1. Cluster **X** vs **all other** clusters, **all** cells
2. Cluster **X** vs **PG** clusters, **all** cells
3. Cluster **X** vs **all other** clusters, **control** cells
4. Cluster **X** vs **PG** clusters, **control** cells

Results:

* *avg_logFC* : log fold-change of the average expression between the two groups. Positive values indicate that the gene is more highly expressed in the first group

* *pct.1* : the percentage of cells where the gene is detected in the first group (ie MKs)

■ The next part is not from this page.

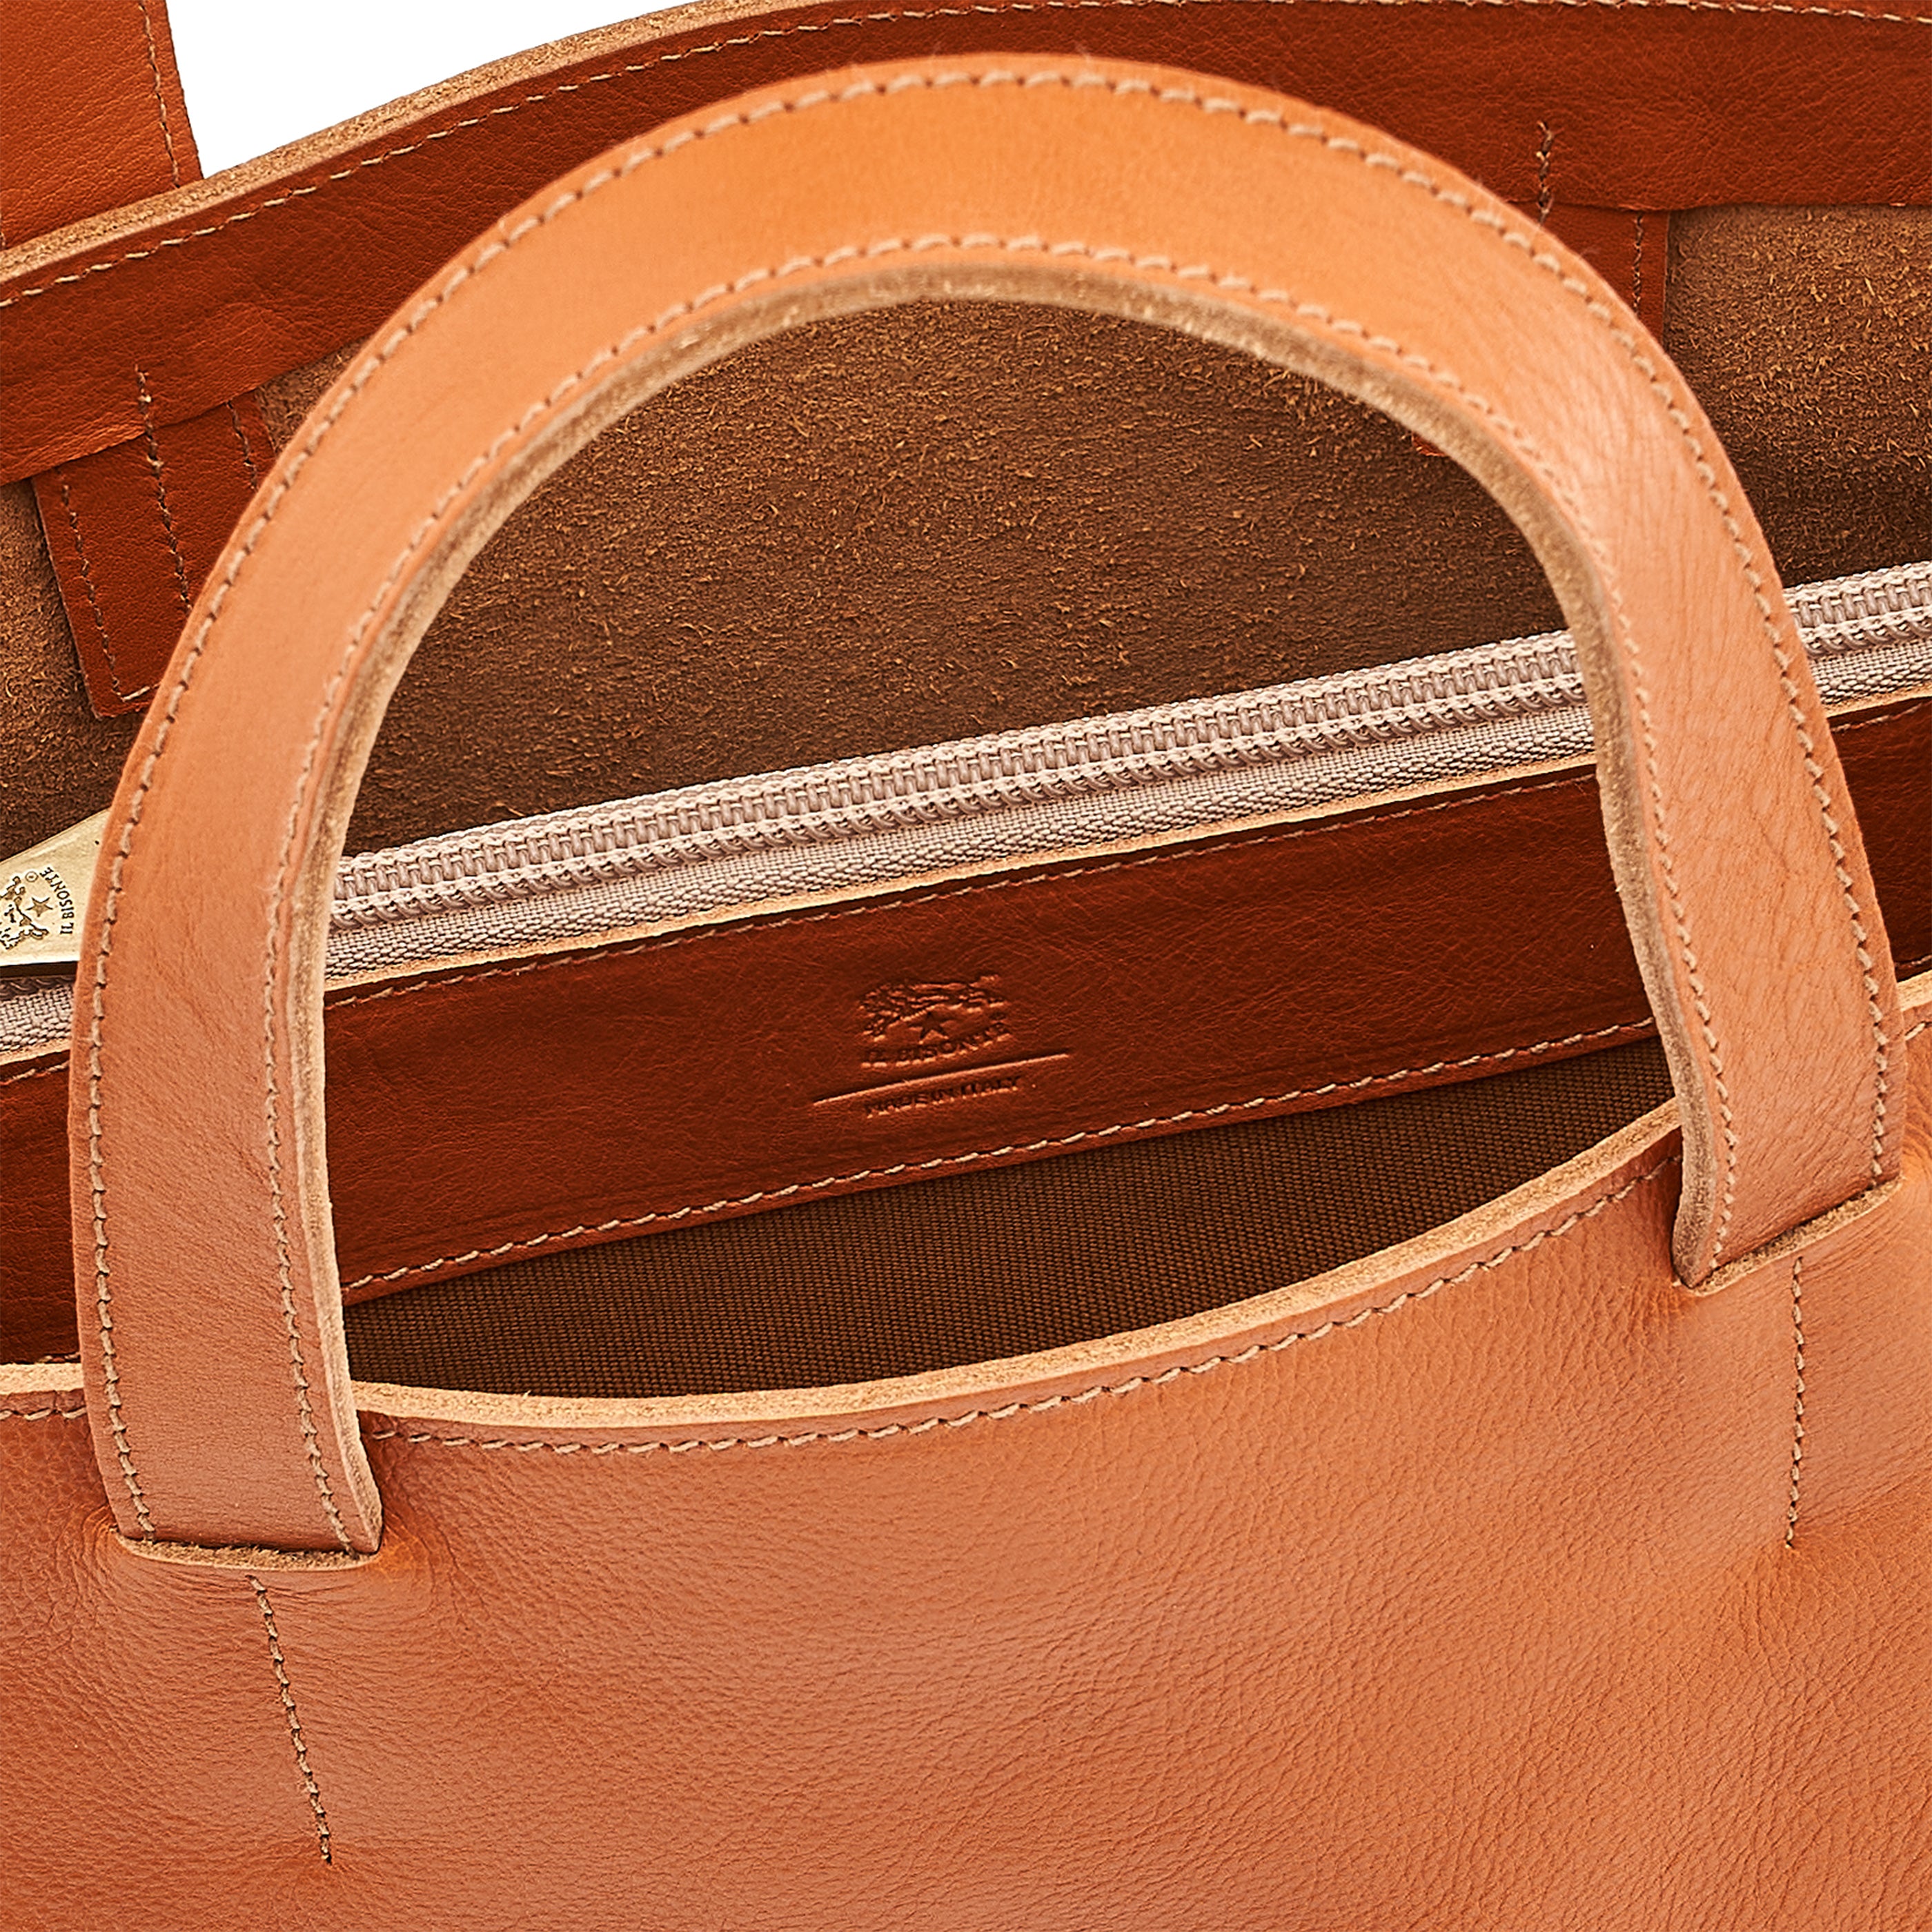 Opale | Women's tote bag in leather color caramel
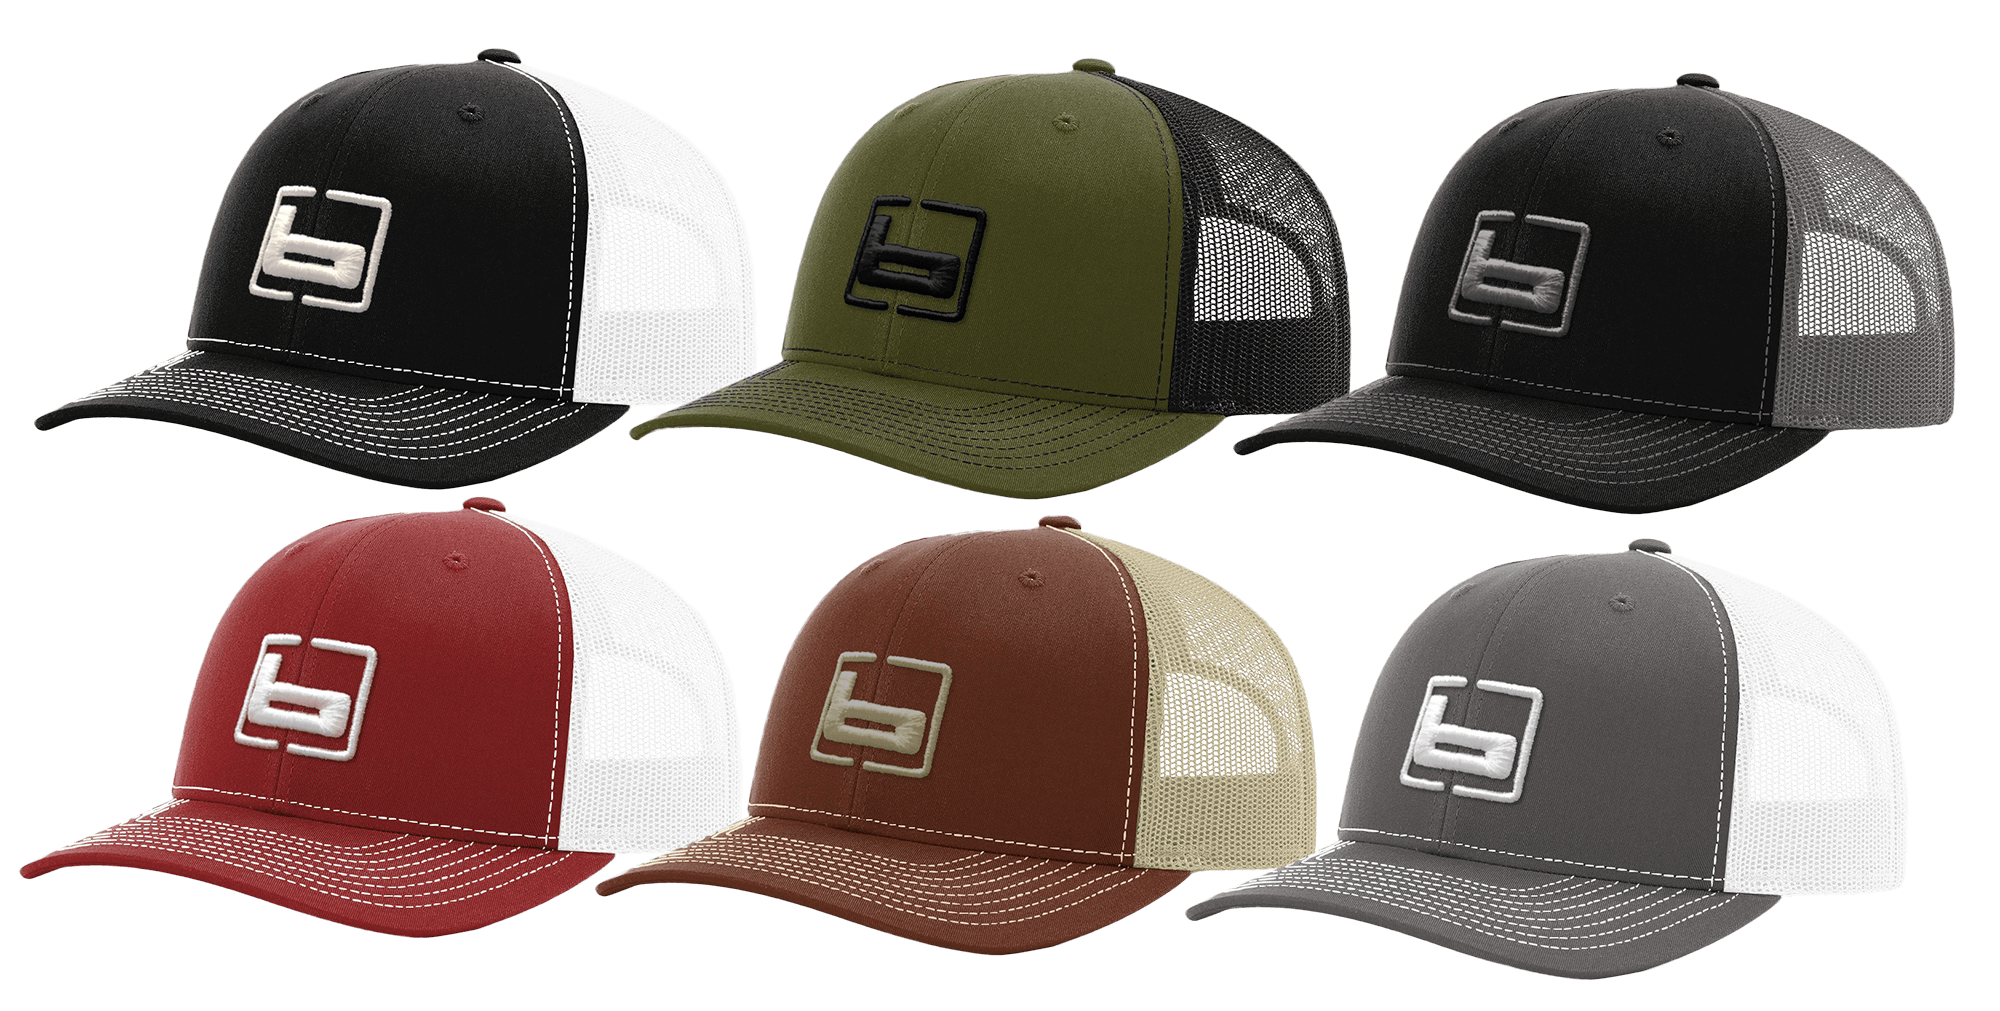 Banded R112 Trucker Caps - Banded Hunting Gear

* *pct.2* : the percentage of cells where the gene is detected in the second group (all other clusters)

* *p_val_adj* : adjusted p-value, based on bonferroni correctioni using all genes in the dataset

# MK cells

```{r MK vs all}

m <- FindMarkers(wbm, ident.1 = 'MK', min.pct = 0.5, logfc.threshold = log(2))

m <- m[m$p_val_adj < 0.05,]

m <- m[order(m$avg_logFC, decreasing = T),]

cntrl_cells <- rownames(wbm@meta.data[wbm@meta.data$condition == 'control',])
mut_cells <- rownames(wbm@meta.data[wbm@meta.data$condition == 'mut',])

cwbm <- subset(wbm, cells = cntrl_cells)
mwbm <- subset(wbm, cells = mut_cells)

cM <- FindMarkers(cwbm, ident.1 = 'MK', min.pct = 0.5, logfc.threshold = log(2))
cM <- cM[cM$p_val_adj < 0.05,]
cM <- cM[order(cM$avg_logFC, decreasing = T),]

mM <- FindMarkers(mwbm, ident.1 = 'MK', min.pct = 0.5, logfc.threshold = log(2))
mM <- mM[mM$p_val_adj < 0.05,]
mM <- mM[order(mM$avg_logFC, decreasing = T),]

# write.csv(m,'./data/MK_DEG_all.csv', quote = F)
# write.csv(cM, './data/MK_DEG_controlcells.csv', quote = F)
# write.csv(mM, './data/MK_DEG_mutantcells.csv', quote = F)

```

DE genes for MK vs all: 145 control cells only, 416 mutant cells only, 319 all cells.

# MEP

```{r MEP markers}
m <- FindMarkers(wbm, ident.1 = 'MEP', min.pct = 0.5, logfc.threshold = log(2))
m <- m[m$p_val_adj < 0.05,]
m <- m[order(m$avg_logFC, decreasing = T),]

cM <- FindMarkers(cwbm, ident.1 = 'MEP', min.pct = 0.5, logfc.threshold = log(2))
cM <- cM[cM$p_val_adj < 0.05,]
cM <- cM[order(cM$avg_logFC, decreasing = T),]

mM <- FindMarkers(mwbm, ident.1 = 'MEP', min.pct = 0.5, logfc.threshold = log(2))
mM <- mM[mM$p_val_adj < 0.05,]
mM <- mM[order(mM$avg_logFC, decreasing = T),]

# write.csv(m,'./data/MEP_DEG_all.csv', quote = F)
# write.csv(cM, './data/MEP_DEG_controlcells.csv', quote = F)
# write.csv(mM, './data/MEP_DEG_mutantcells.csv', quote = F)
```

DE genes for MEP vs all: 35 control cells only, 88 mutant cells only, 81 all cells.

# Erythrocytes

```{r ery markers}
m <- FindMarkers(wbm, ident.1 = 'Erythroid', min.pct = 0.5, logfc.threshold = log(2))
m <- m[m$p_val_adj < 0.05,]
m <- m[order(m$avg_logFC, decreasing = T),]

cM <- FindMarkers(cwbm, ident.1 = 'Erythroid', min.pct = 0.5, logfc.threshold = log(2))
cM <- cM[cM$p_val_adj < 0.05,]
cM <- cM[order(cM$avg_logFC, decreasing = T),]

mM <- FindMarkers(mwbm, ident.1 = 'Erythroid', min.pct = 0.5, logfc.threshold = log(2))
mM <- mM[mM$p_val_adj < 0.05,]
mM <- mM[order(mM$avg_logFC, decreasing = T),]

# write.csv(m,'./data/Ery_DEG_all.csv', quote = F)
# write.csv(cM, './data/Ery_DEG_controlcells.csv', quote = F)
# write.csv(mM, './data/Ery_DEG_mutantcells.csv', quote = F)
```

DE genes for Ery vs all: 186 control cells only, 96 mutant cells only, 147 all cells.